[WORK INSTRUCTION] Copy the data that appears below exactly. Drop the pictures.
++++ RECORDED INFORMATION ++++
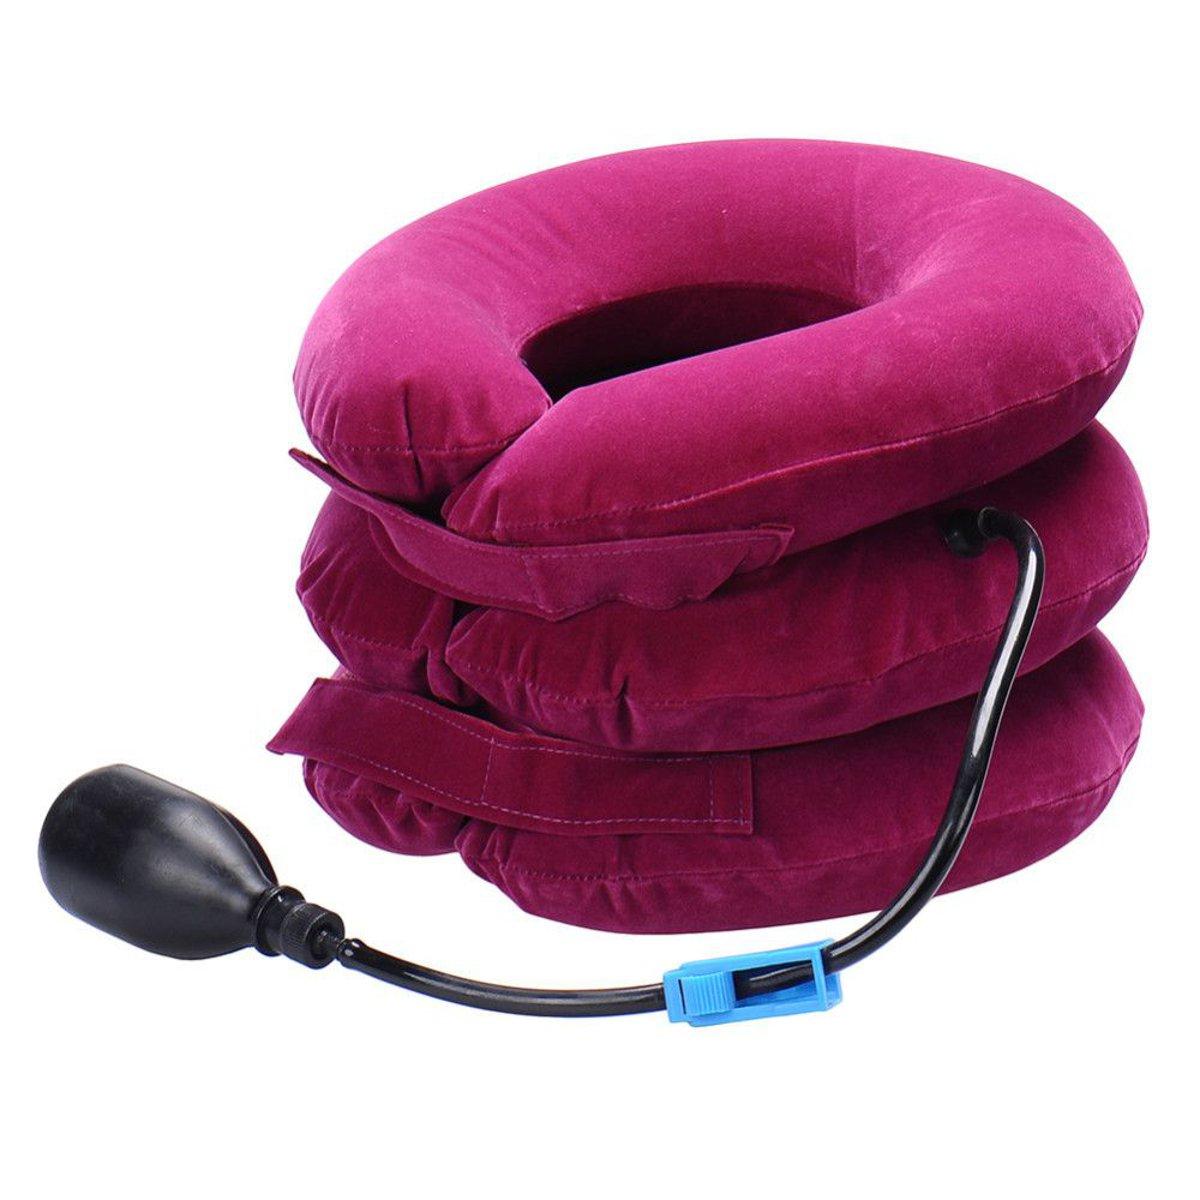 PVC Inflatable Cervical Collar Neck Relief Traction Brace Support Pillow Device RED COLOR
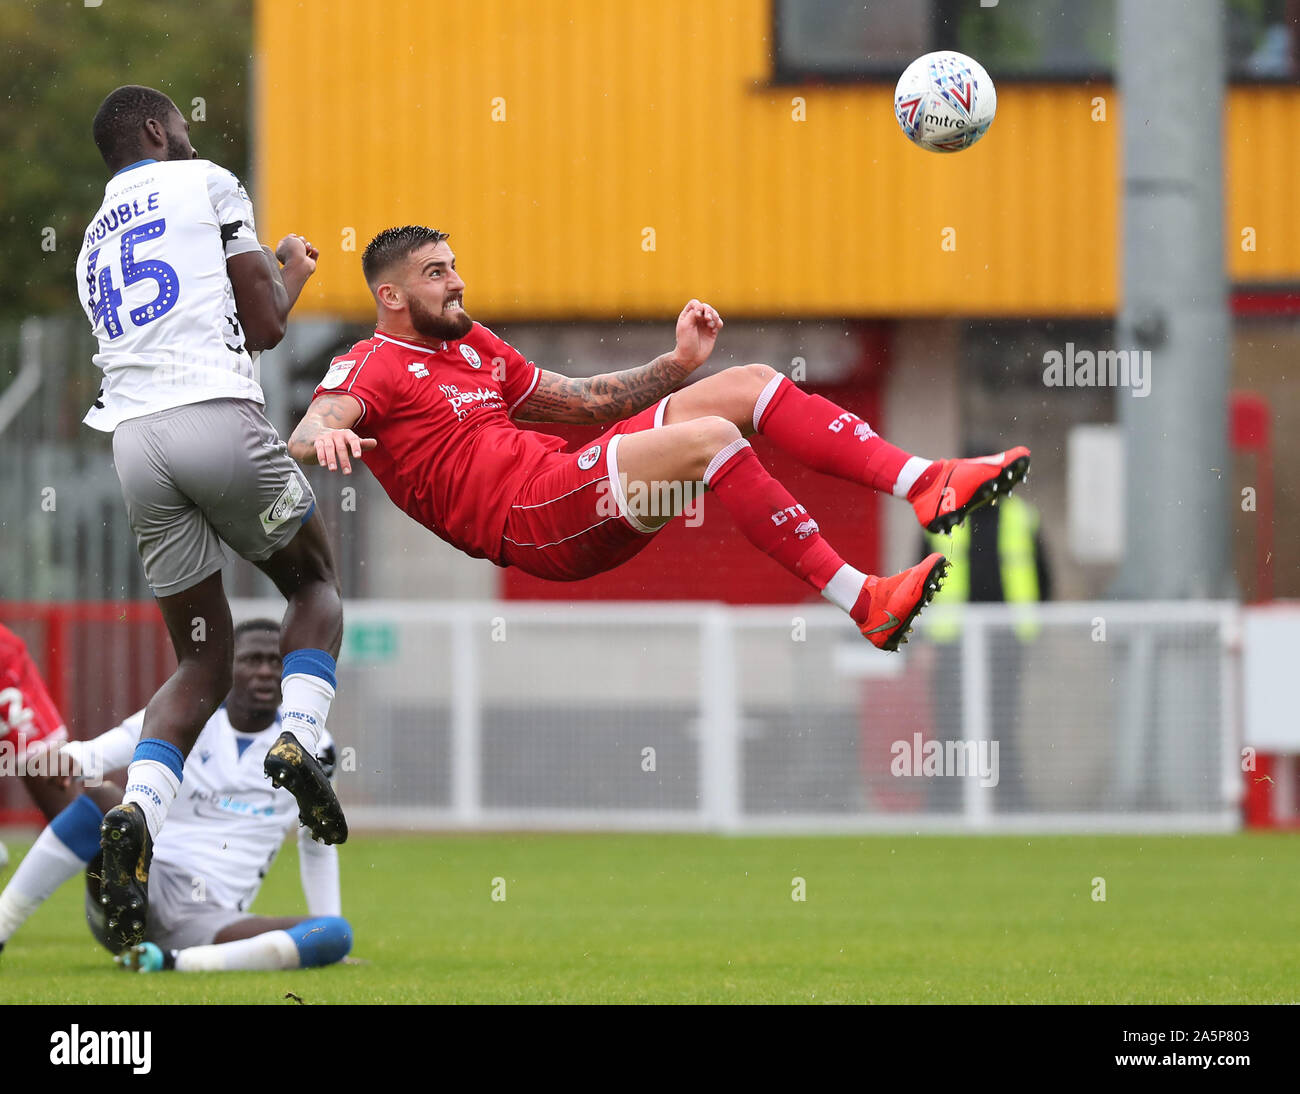 Crawley, UK. 12 October 2019 Crawley Town's Tom Dallison tries an overhead kick during the Sky Bet League Two match between Crawley Town and Colchester United at the Peoples Pension Stadium in Crawley. Credit: Telephoto Images / Alamy Live News Stock Photo
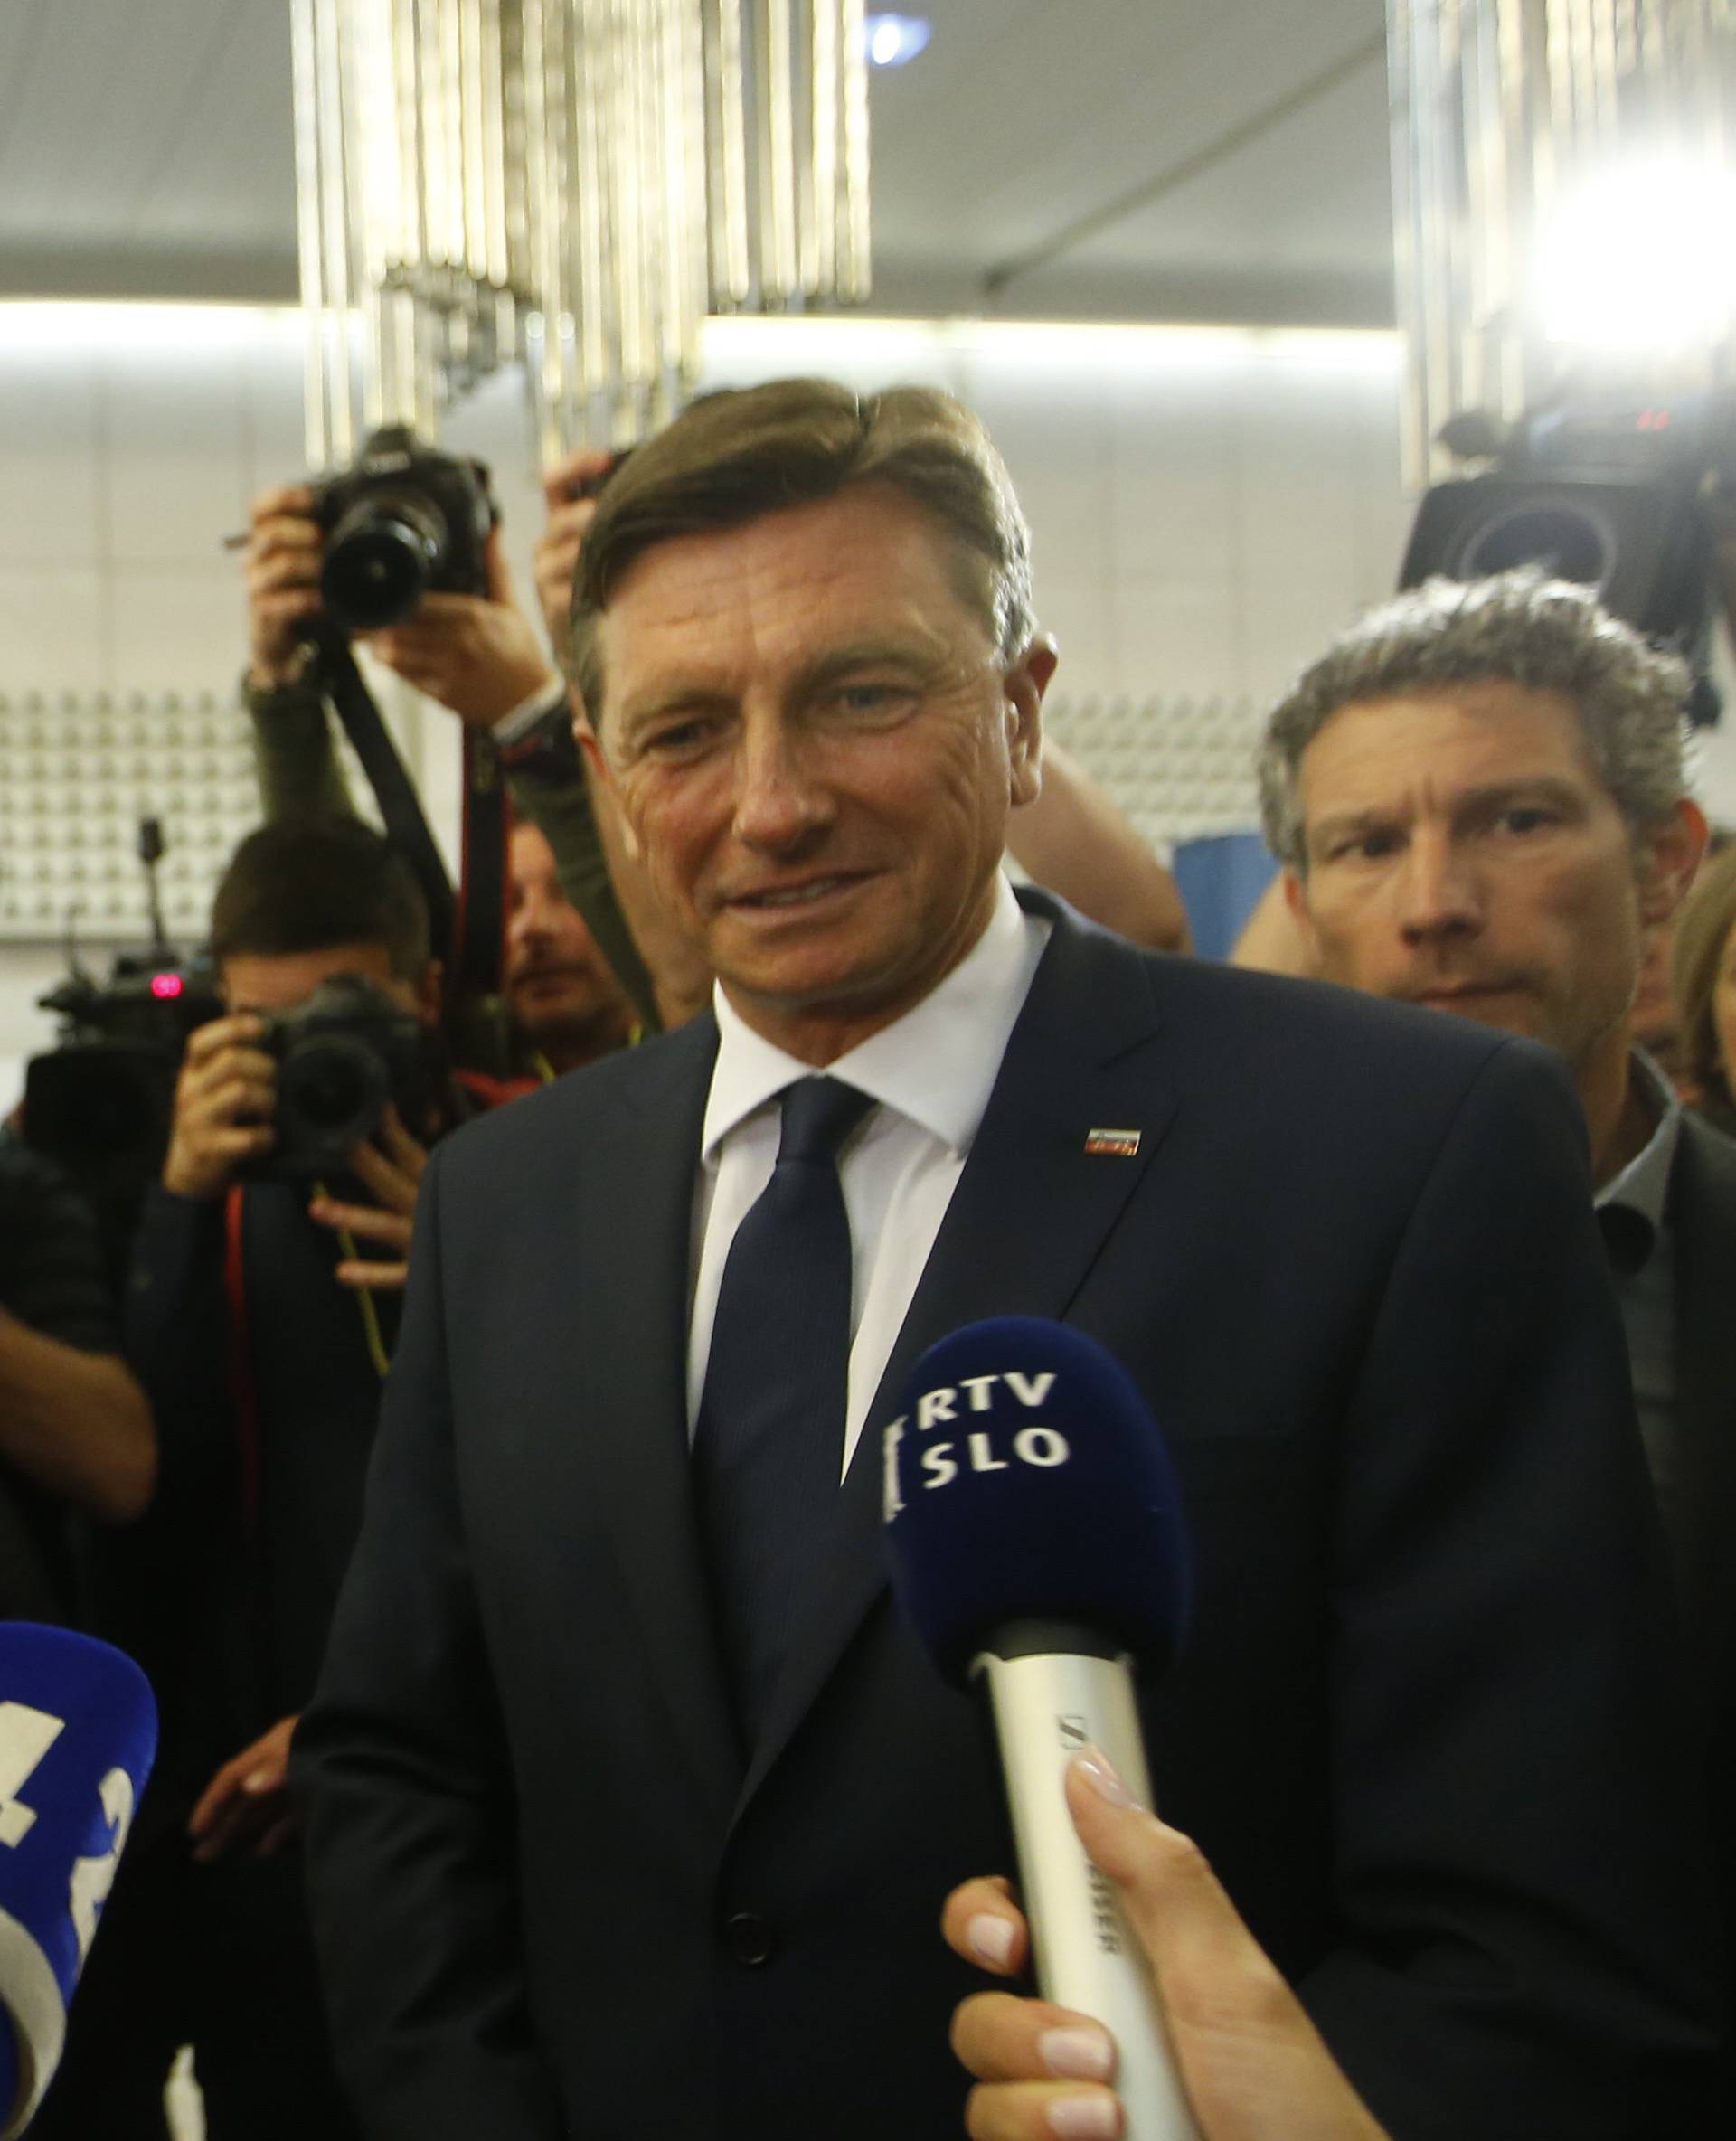 Presidential candidates Borut Pahor and Marjan Sarec answer questions from the media after the first round of the presidential election in Ljubljana
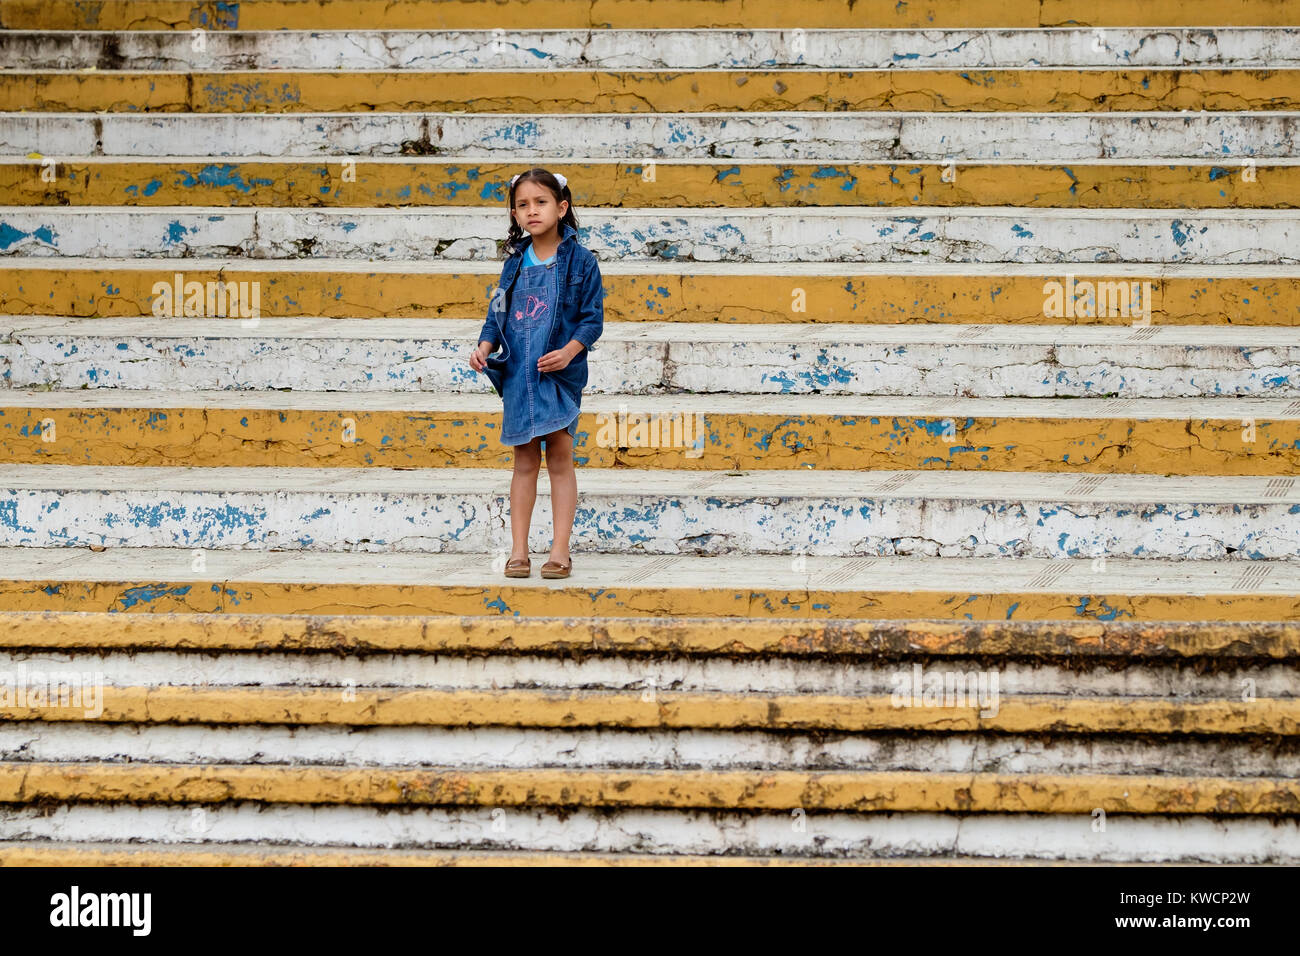 A girl standing on the steps of the The Guadalupe Church in San Cristóbal de Las Casas, Mexico Stock Photo
++++
[FINISHED TASK]
 PVC Inflatable Cervical Collar Neck Relief Traction Brace Support Pillow Device RED COLOR
 Crawley, UK. 12 October 2019 Crawley Town's Tom Dallison tries an overhead kick during the Sky Bet League Two match between Crawley Town and Colchester United at the Peoples Pension Stadium in Crawley. Credit: Telephoto Images / Alamy Live News Stock Photo
 Presidential candidates Borut Pahor and Marjan Sarec answer questions from the media after the first round of the presidential election in Ljubljana
 A girl standing on the steps of the The Guadalupe Church in San Cristóbal de Las Casas, Mexico Stock Photo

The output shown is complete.